夭夭吸口氣:“……如果我沒記錯的話,這里是我家。”
曲徵明沖保鏢示意,讓他出去,屋子里只剩下他和夭夭兩人。
夭夭繃著臉不說話,臉上明明白白的寫著“不歡迎”三個大字。
“你不是一直等著我的要求嗎?”合上電腦,交叉雙手,曲徵明靠在簡陋的沙發上。
想起葬禮結束他說的話,夭夭更戒備:“曲先生讓我做什么?”
果然,曲徵明再次不負夭夭所望,說:“做我的女人。”
“曲先生,我很感激你當時救了……”
“不用感激我,這是交易。”
男人沉沉的目光落到她身上,似有千斤重,夭夭咬著唇,無話可說,那是她自己做出的承諾。
“我知道你喜歡敬姿,但是……”曲徵明站起來,捏著她的下巴,力道很大,似乎壓抑著某種憤怒,“……你們不合適。”
他笑得溫柔,卻讓人覺得冷酷,“你不會以為,自己能配得上我兒子吧?這么多天沒找你,你還不明白他的意思嗎?”
“還是……你真的以為,那天他只是遲到。”
夭夭臉色青白,不比曲敬姿那個心臟病人的臉色好看。
她握著曲徵明手腕的指尖微微發抖,不安又惶恐,她牙齒打顫,仿佛又看到那片藍到發黑的湖水,問:“你這是什么意思?”
“你真不明白嗎?”曲徵明翹著嘴角,拇指指腹粗魯地摩擦她蒼白的唇,看著在指下變得充血冶艷。
夭夭眼中又流露出那種濕漉漉的,迷離的波光,襯著微翹的眼尾,分明就是在勾引人。
美麗是最無形又鋒利的武器,尤其是當擁有者對自己手中的武器并不自知的時候,威力直接翻倍。

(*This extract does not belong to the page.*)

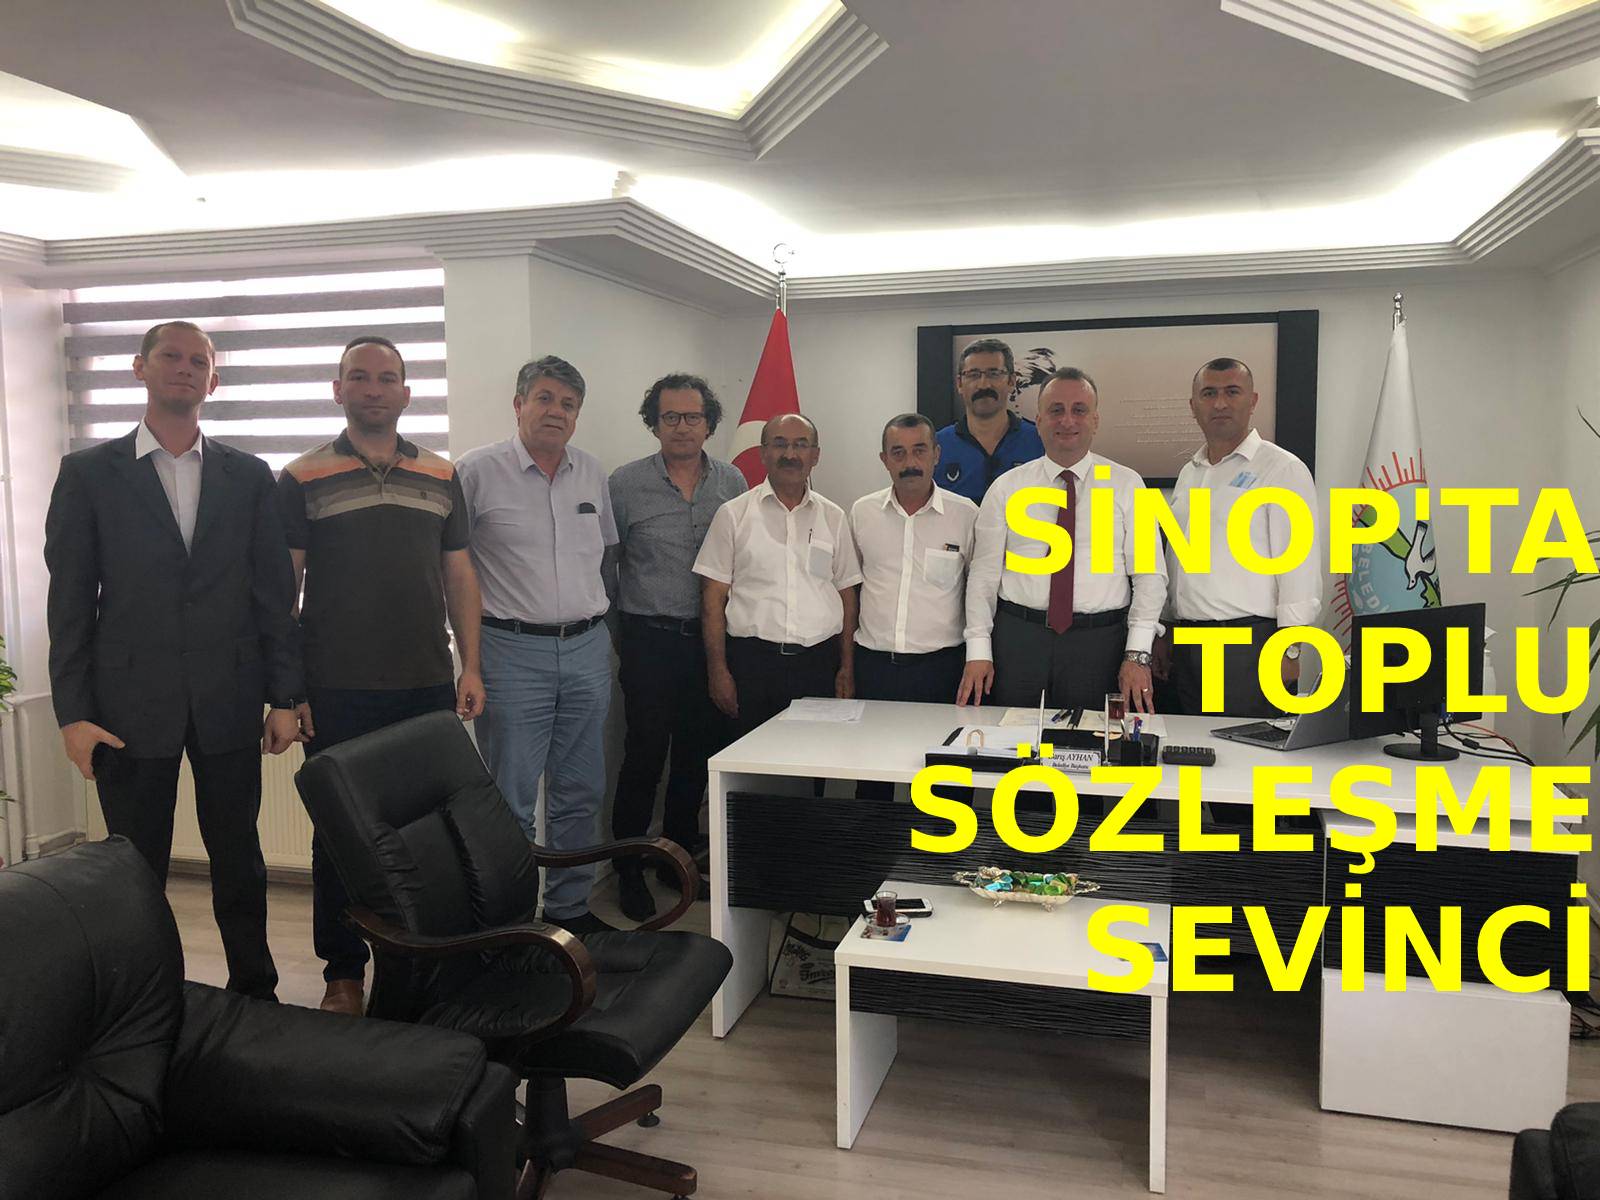 Sinop'ta toplu sözleşme sevinci
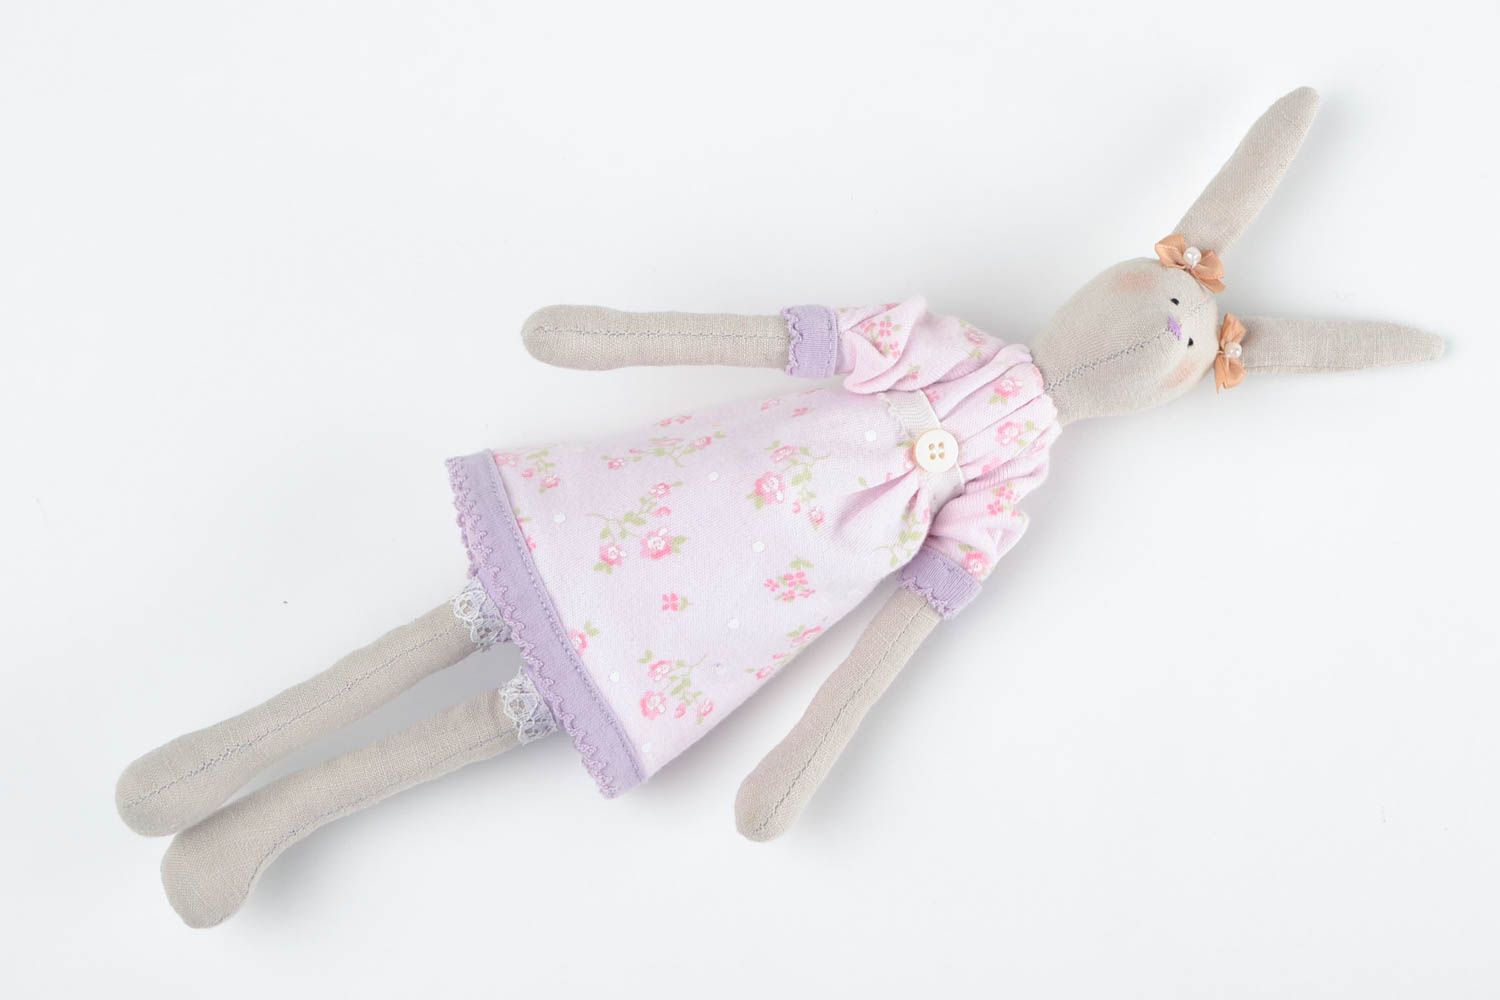 Игрушка заяц авторская игрушка ручной работы из ткани мягкая игрушка для ребенка фото 4

過了很久,夭夭才終于眨了眨眼,“我明白了。但是……”
她深吸口氣,“我要聽他自己說。”
曲徵明走了以后,房間立刻顯得寬敞了很多,夭夭聽見有人叫罵,“誰這么沒素質,往樓下潑水?”
夭夭捂著嘴笑,樓上有一戶單身漢,每天洗完腳直接往樓下一潑,估計潑到這兩人身上了。
哈哈,活該。
夭夭躺在沙發上琢磨接下來的計劃,有酒精的香味在鼻端繚繞,夭夭嗅了兩下,應該是曲徵明身上的味道。
抽煙喝酒的男人最討厭了。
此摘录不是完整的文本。